WORK TO COMPLETE> Begin at the line containing "Initial D 8" in the data below and go on through the line containing "Ceramic Coffee or", repeating each line exactly; include both ends and no other line.
--- START ---
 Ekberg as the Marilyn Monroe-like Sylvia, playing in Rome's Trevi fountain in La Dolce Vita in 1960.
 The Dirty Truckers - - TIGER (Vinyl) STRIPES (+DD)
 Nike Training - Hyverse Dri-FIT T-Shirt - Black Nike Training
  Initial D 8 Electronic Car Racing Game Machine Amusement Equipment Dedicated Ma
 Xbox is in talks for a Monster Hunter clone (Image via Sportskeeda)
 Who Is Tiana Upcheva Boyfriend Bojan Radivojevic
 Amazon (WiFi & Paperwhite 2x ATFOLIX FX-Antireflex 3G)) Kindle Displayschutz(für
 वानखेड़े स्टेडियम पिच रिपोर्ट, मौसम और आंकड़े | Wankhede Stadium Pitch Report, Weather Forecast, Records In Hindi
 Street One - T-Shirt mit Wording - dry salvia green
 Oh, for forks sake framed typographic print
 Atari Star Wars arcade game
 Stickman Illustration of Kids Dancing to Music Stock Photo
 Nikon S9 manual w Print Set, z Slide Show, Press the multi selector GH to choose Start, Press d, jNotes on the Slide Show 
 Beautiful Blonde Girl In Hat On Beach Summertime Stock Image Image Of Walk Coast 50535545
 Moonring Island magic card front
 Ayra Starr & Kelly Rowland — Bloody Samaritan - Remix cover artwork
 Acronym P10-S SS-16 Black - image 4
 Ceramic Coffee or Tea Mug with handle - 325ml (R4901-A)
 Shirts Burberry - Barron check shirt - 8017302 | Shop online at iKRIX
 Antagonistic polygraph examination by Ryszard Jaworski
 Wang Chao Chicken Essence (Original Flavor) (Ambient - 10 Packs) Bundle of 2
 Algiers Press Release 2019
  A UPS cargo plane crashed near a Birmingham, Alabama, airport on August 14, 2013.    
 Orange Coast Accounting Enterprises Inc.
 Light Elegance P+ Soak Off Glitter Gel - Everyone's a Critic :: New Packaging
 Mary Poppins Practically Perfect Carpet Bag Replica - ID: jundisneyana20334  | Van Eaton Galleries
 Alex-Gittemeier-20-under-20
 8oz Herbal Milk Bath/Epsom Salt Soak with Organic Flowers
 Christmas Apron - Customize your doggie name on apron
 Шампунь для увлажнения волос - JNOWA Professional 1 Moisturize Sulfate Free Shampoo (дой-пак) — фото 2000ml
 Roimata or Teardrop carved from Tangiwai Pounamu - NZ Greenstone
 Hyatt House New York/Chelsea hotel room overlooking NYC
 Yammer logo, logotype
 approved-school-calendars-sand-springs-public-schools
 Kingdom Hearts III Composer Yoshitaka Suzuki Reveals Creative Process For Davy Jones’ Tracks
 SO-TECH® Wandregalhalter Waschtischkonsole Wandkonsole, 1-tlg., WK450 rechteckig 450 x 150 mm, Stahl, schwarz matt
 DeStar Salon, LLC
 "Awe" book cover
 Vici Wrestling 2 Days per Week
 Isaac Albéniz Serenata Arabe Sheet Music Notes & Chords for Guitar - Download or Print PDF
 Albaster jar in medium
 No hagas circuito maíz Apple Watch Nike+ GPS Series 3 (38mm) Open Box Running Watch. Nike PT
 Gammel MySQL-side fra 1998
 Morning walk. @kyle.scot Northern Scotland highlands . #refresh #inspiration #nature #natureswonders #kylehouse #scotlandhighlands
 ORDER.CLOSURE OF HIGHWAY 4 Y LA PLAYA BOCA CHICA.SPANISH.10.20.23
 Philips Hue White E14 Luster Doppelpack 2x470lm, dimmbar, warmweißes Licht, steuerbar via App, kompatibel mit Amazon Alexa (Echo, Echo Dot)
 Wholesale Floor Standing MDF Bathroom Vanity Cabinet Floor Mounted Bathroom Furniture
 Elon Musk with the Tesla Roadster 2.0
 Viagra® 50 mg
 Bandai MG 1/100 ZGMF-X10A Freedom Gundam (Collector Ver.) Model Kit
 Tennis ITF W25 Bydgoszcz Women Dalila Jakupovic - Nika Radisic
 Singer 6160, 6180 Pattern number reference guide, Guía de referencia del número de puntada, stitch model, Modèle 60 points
--- END ---
ANSWER BOX>
  Initial D 8 Electronic Car Racing Game Machine Amusement Equipment Dedicated Ma
 Xbox is in talks for a Monster Hunter clone (Image via Sportskeeda)
 Who Is Tiana Upcheva Boyfriend Bojan Radivojevic
 Amazon (WiFi & Paperwhite 2x ATFOLIX FX-Antireflex 3G)) Kindle Displayschutz(für
 वानखेड़े स्टेडियम पिच रिपोर्ट, मौसम और आंकड़े | Wankhede Stadium Pitch Report, Weather Forecast, Records In Hindi
 Street One - T-Shirt mit Wording - dry salvia green
 Oh, for forks sake framed typographic print
 Atari Star Wars arcade game
 Stickman Illustration of Kids Dancing to Music Stock Photo
 Nikon S9 manual w Print Set, z Slide Show, Press the multi selector GH to choose Start, Press d, jNotes on the Slide Show 
 Beautiful Blonde Girl In Hat On Beach Summertime Stock Image Image Of Walk Coast 50535545
 Moonring Island magic card front
 Ayra Starr & Kelly Rowland — Bloody Samaritan - Remix cover artwork
 Acronym P10-S SS-16 Black - image 4
 Ceramic Coffee or Tea Mug with handle - 325ml (R4901-A)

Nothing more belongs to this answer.